= Lamont Pearson =

American professional boxer

Lamont Pearson (born February 18, 1971, in Washington, D.C.) is an American professional boxer. His professional record stands at 23-4-1 with 12 knockouts. Each of his four losses have come to current or former world champions.

==Amateur career==
Pearson had a 67–8 record, including winning a 1998 National Golden Gloves Lightweight Championship.

==Professional career==
Pearson turned professional in 1998 aged 27. After four wins he was held to a draw in 1999 when he fought Philadelphia lightweight Anthony Washington in a six-round bout on an ESPN2 Friday Night Fights, but received praise from ESPN boxing analyst Teddy Atlas, who scored the fight for Pearson 57-56. After the draw with Washington, Pearson began to climb the Super Featherweight (Junior Lightweight) ranks (130 lbs/59 kg), with 11 consecutive wins. His first regional title bout was on December 8, 2000, and was also his first bout against a well-known fighter, challenging southpaw Harold Warren, a 40-year-old former two-time world title challenger with a record of 42–14, for the vacant North American Boxing Association (NABA) Super Featherweight Title. In the 12th and final round, Pearson won with a knockout, with an uppercut to Warren's jaw that put him on the canvas, where he was counted out at 2:51 of round twelve, winning Pearson his first title. The fight was the last of Warren's 57-fight professional career.

In 2001 in an IBF Super Featherweight Title Eliminator, Pearson faced another southpaw, Carlos Navarro of Los Angeles, with a record of 23–1.
Pearson defeated Navarro in the ninth round, when Navarro conceded after hitting the canvas for the second time. With the win, Pearson claimed the United States Boxing Association (USBA) Super Featherweight Title and a #1 IBF-ranking.

Pearson defended the USBA title once before suffering an unexpected defeat in a non-title 10-round bout against last minute replacement Orlando Salido (record 14-8). Salido won many of the early rounds before Pearson bounced back later on, but ended with a unanimous decision loss.

After two more wins Pearson reached a world title fight in December 2002, with his record at 19-1-1, challenging reigning World Boxing Association (WBA) champion Yodsanan Sor Nanthachai in Bangkok, Thailand, for the WBA Super Featherweight title.

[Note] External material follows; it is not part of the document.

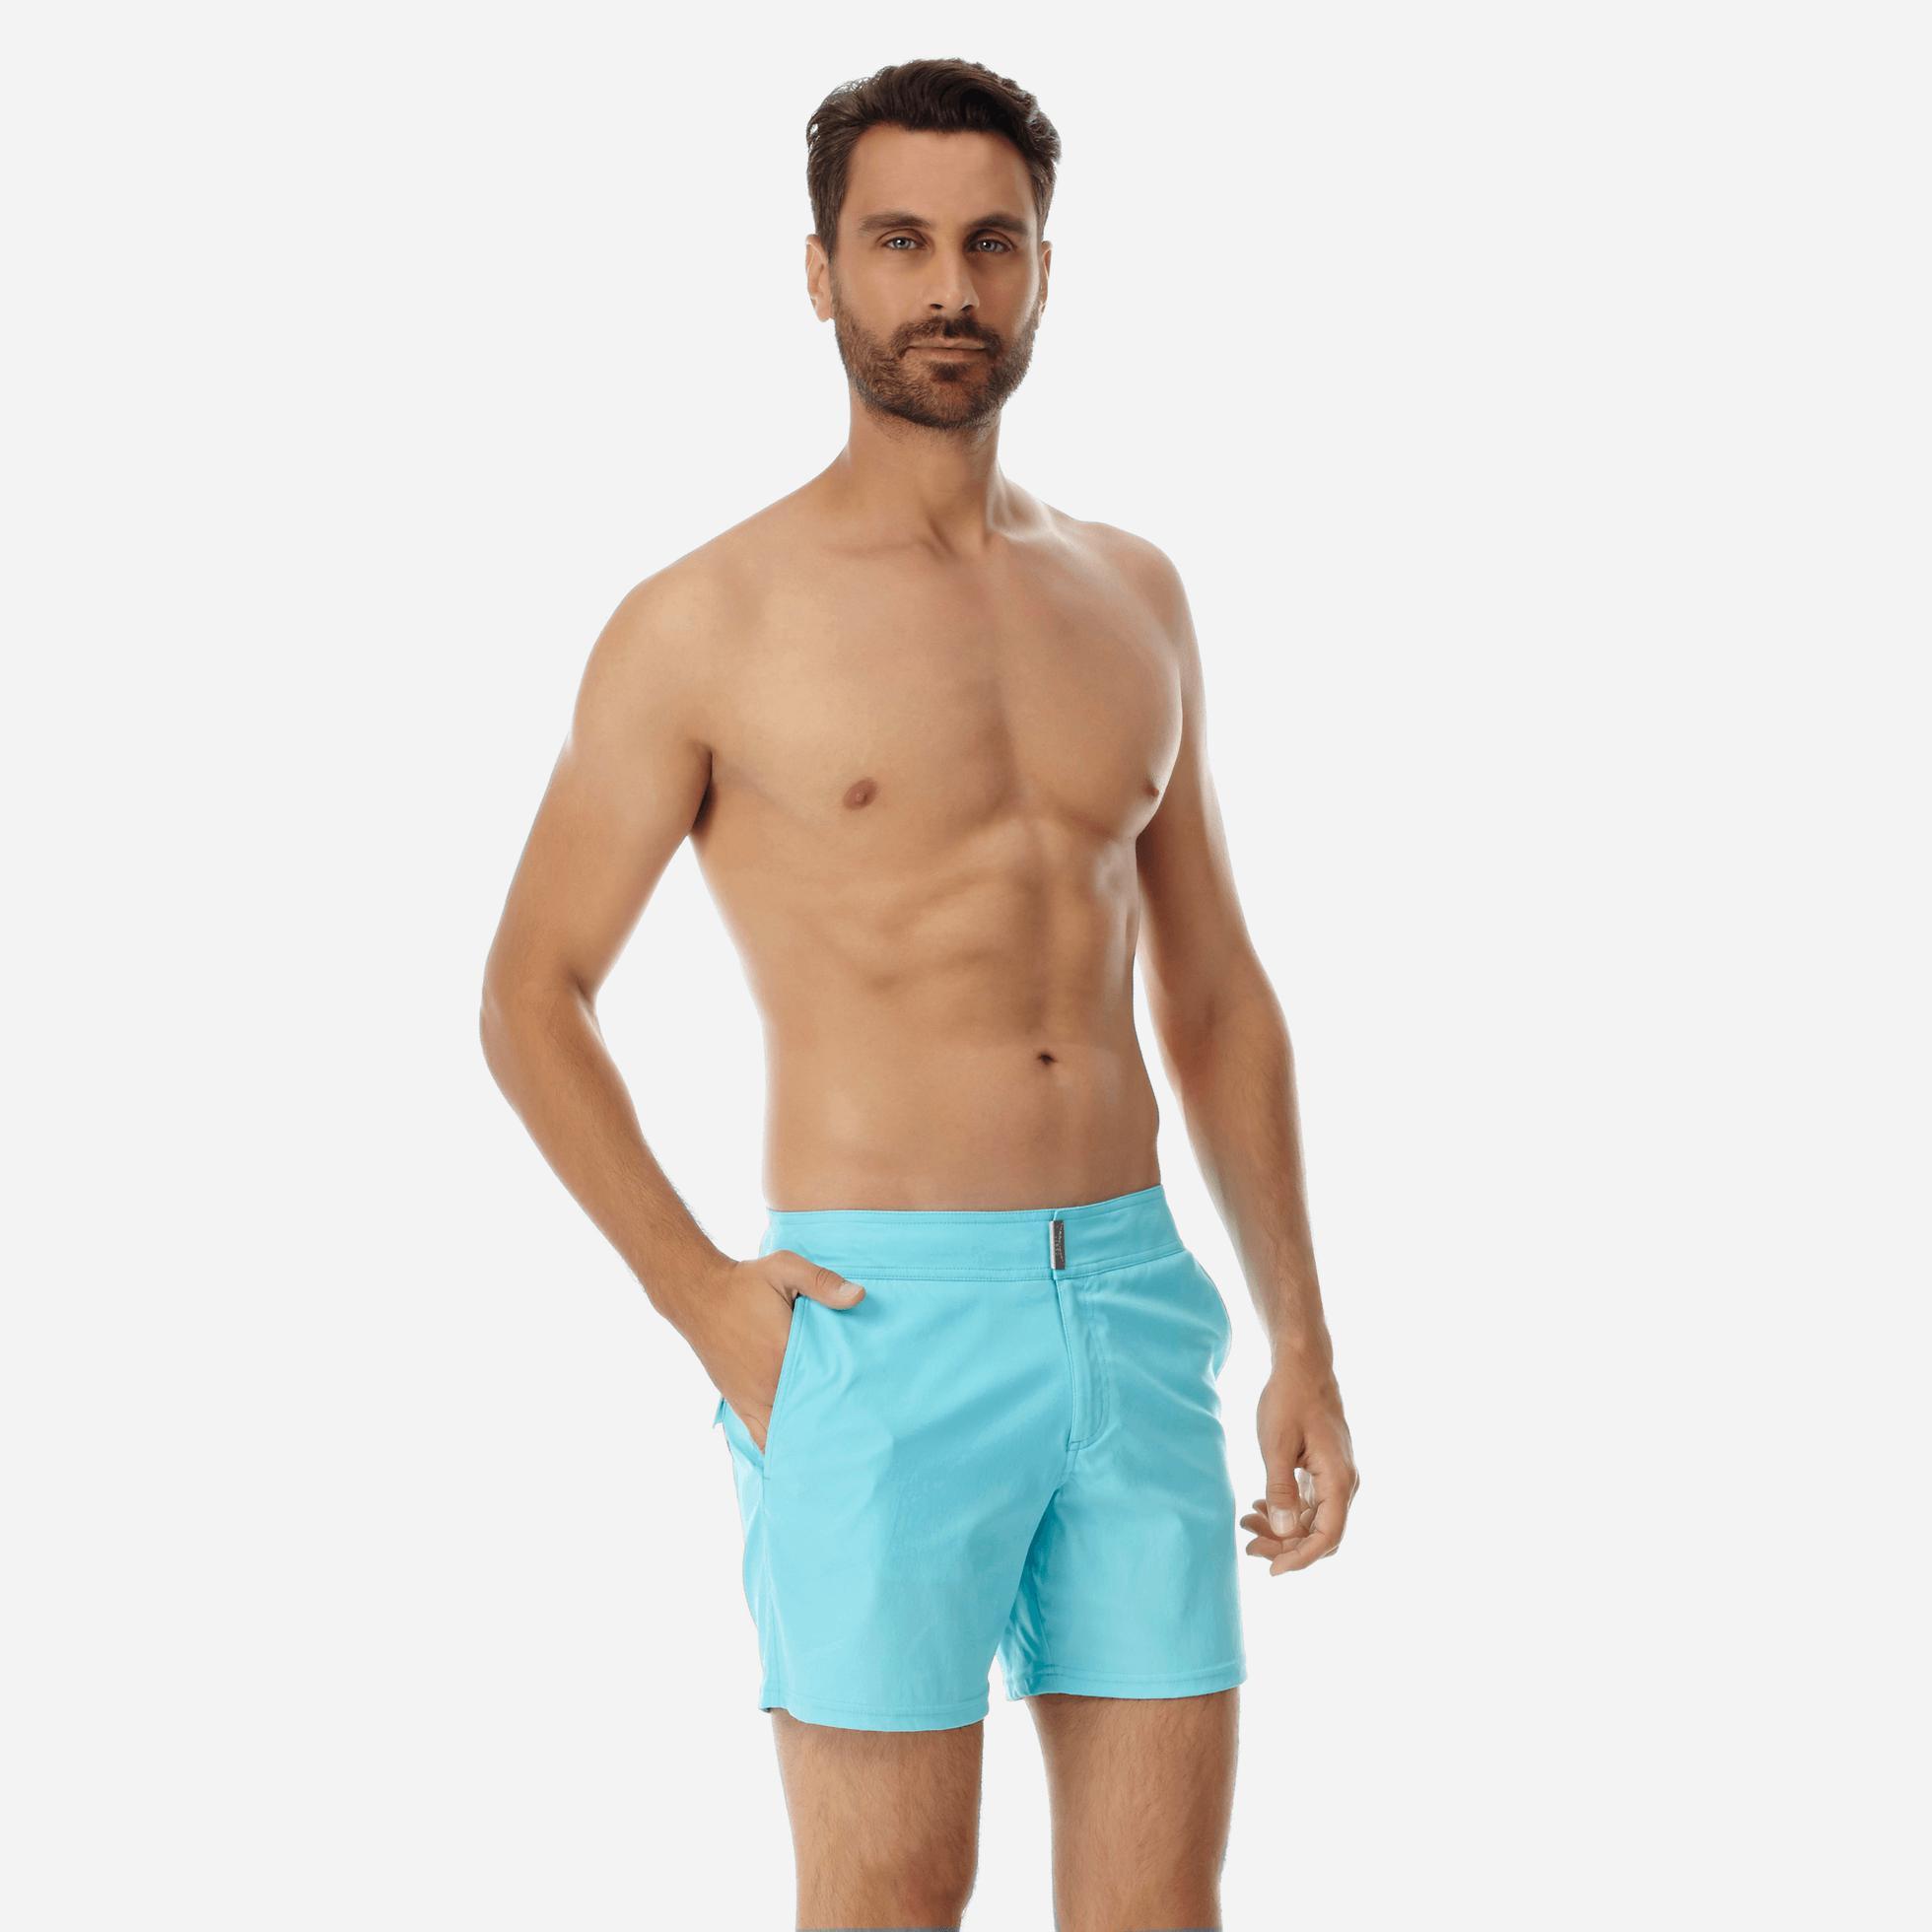 899f4df594 ... Blue Men Flat Belt Stretch Swimwear Solid for Men - Lyst. Visit  Vilebrequin. Tap to visit site

The bout took place on King Bhumibol's birthday, a national holiday in Thailand, at the Royal Square in front of an audience of 75,000. Pearson suffered a broken right hand in the second round from an awkwardly landing punch, and Pearson had limited use of the hand for the remaining rounds. He had his first professional knockdown in the ninth round, and the fight ended with his first knockout loss when he was floored and counted out at 1:46 of round nine from a body shot.

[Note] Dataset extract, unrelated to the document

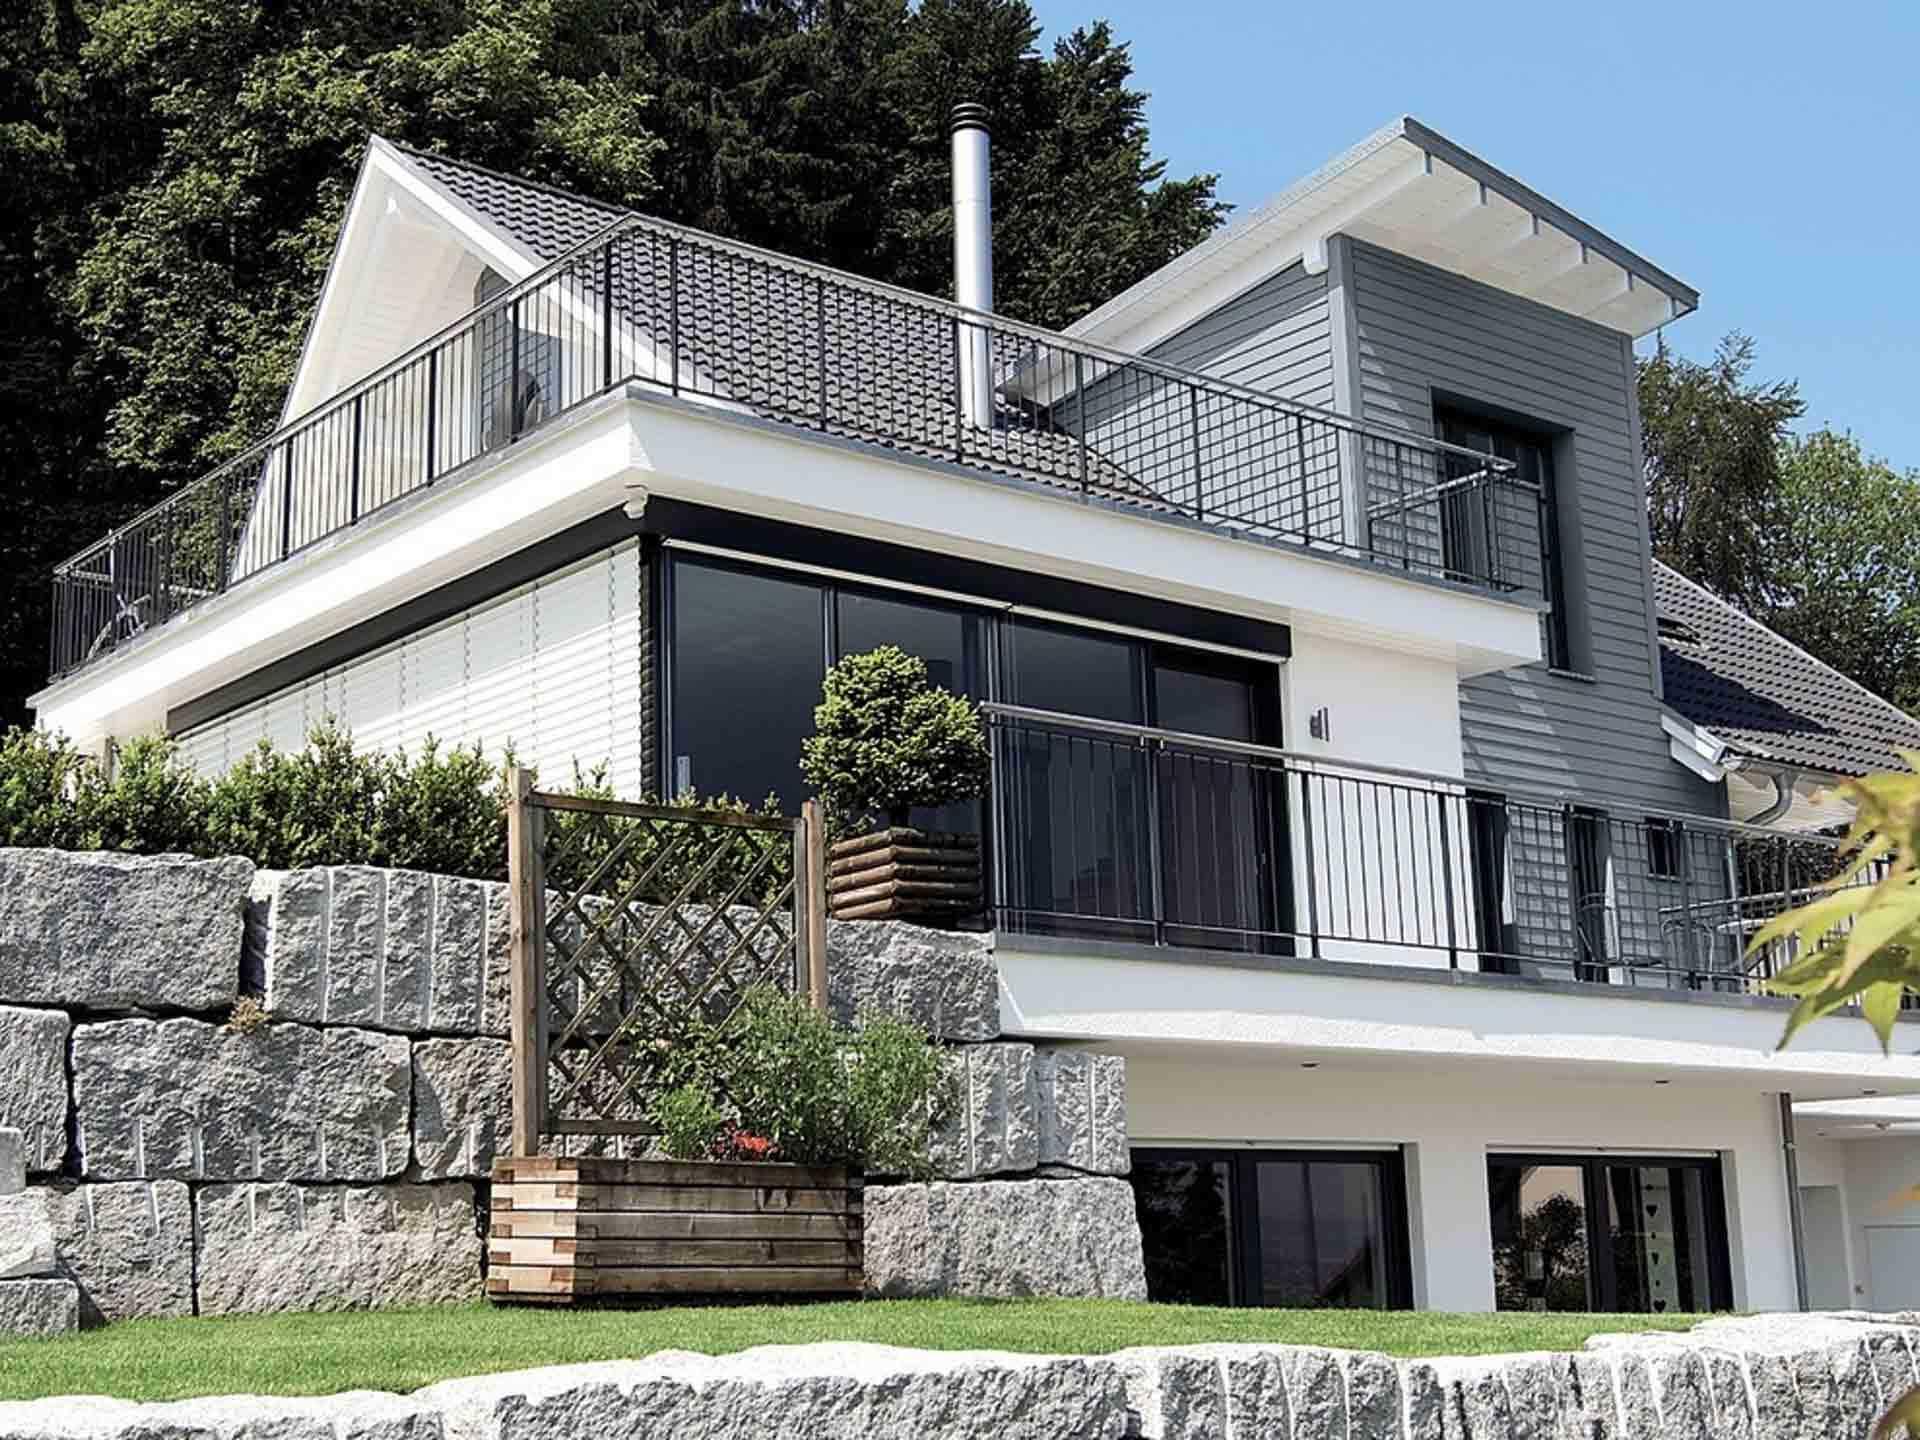 Einfamilienhaus mit Hanglage  WeberHaus  Musterhausnet

Eight months later, in August 2003, Pearson contested the USBA Super Featherweight title again, against Australian Robbie Peden. Early in the fight, Pearson began showing discomfort in his surgically repaired right hand, and was forced to retire before the seventh round. He subsequently took a 17-month break for additional surgery on his hand.

In September 2005, Pearson challenged for the USBA Super Featherweight title again at the Patriot Center in Fairfax, Virginia, against Brooklyn southpaw Shamir Reyes (record 18–3–2). Pearson won with a bodyshot in the sixth.

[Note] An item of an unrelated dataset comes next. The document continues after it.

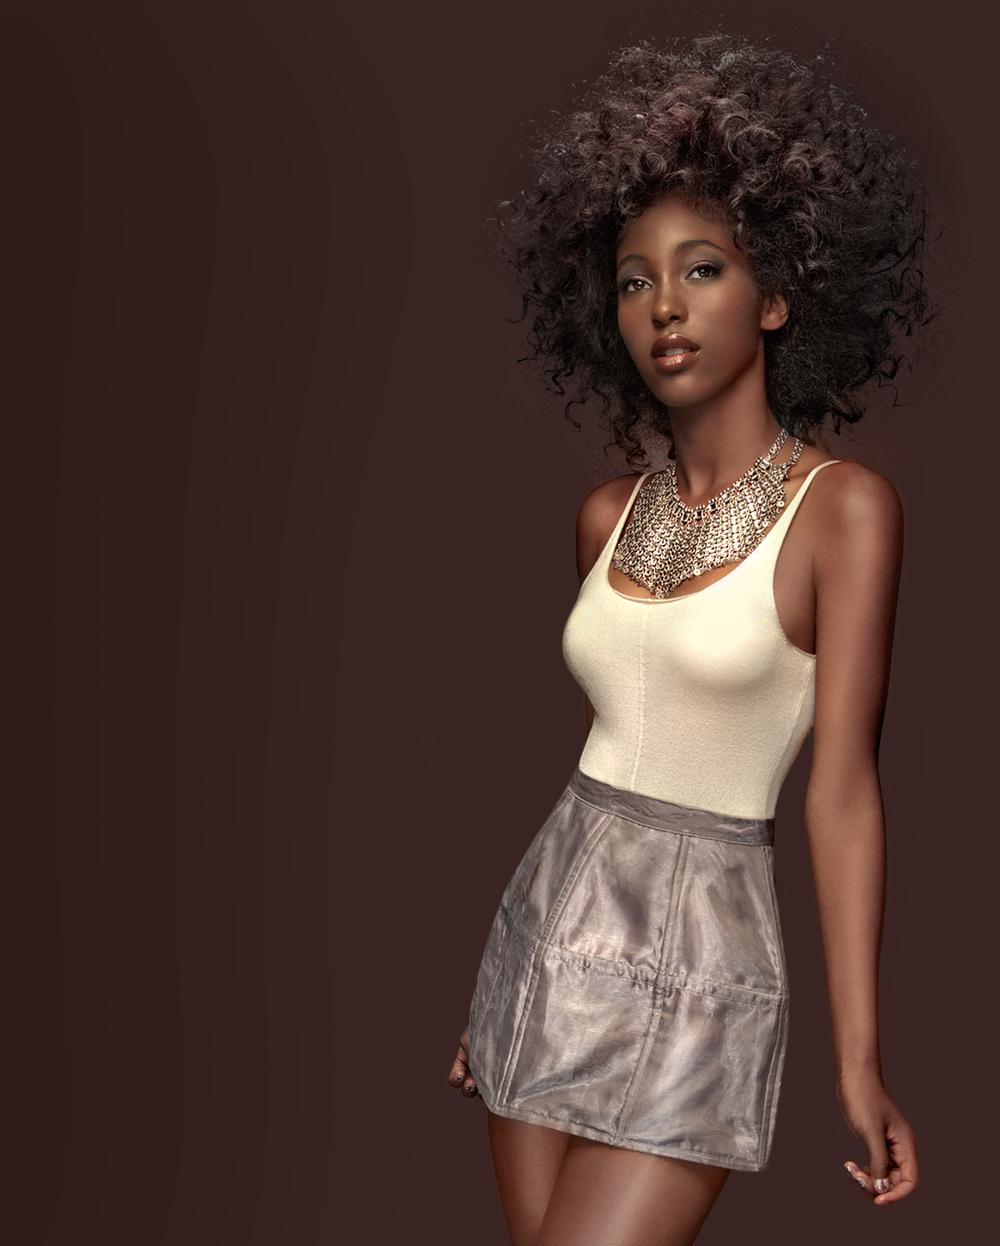 Hair Salon Magazine, beauty, digital edited at Thomas Canny Studio.jpg

In July 2006, Pearson fought another southpaw, former World Boxing Association (WBA) Super Featherweight titleholder Joel Casamayor, on an ESPN2's Friday Night Fights broadcast from Phoenix, Arizona. The 10-round bout was Pearson's first significant fight as a lightweight. Casamayor dominated for many of the first eight rounds before the bout was stopped due to a cut around Pearson's right eye in the 9th round.

==Personal life==
Pearson currently lives in Cheltenham, Maryland.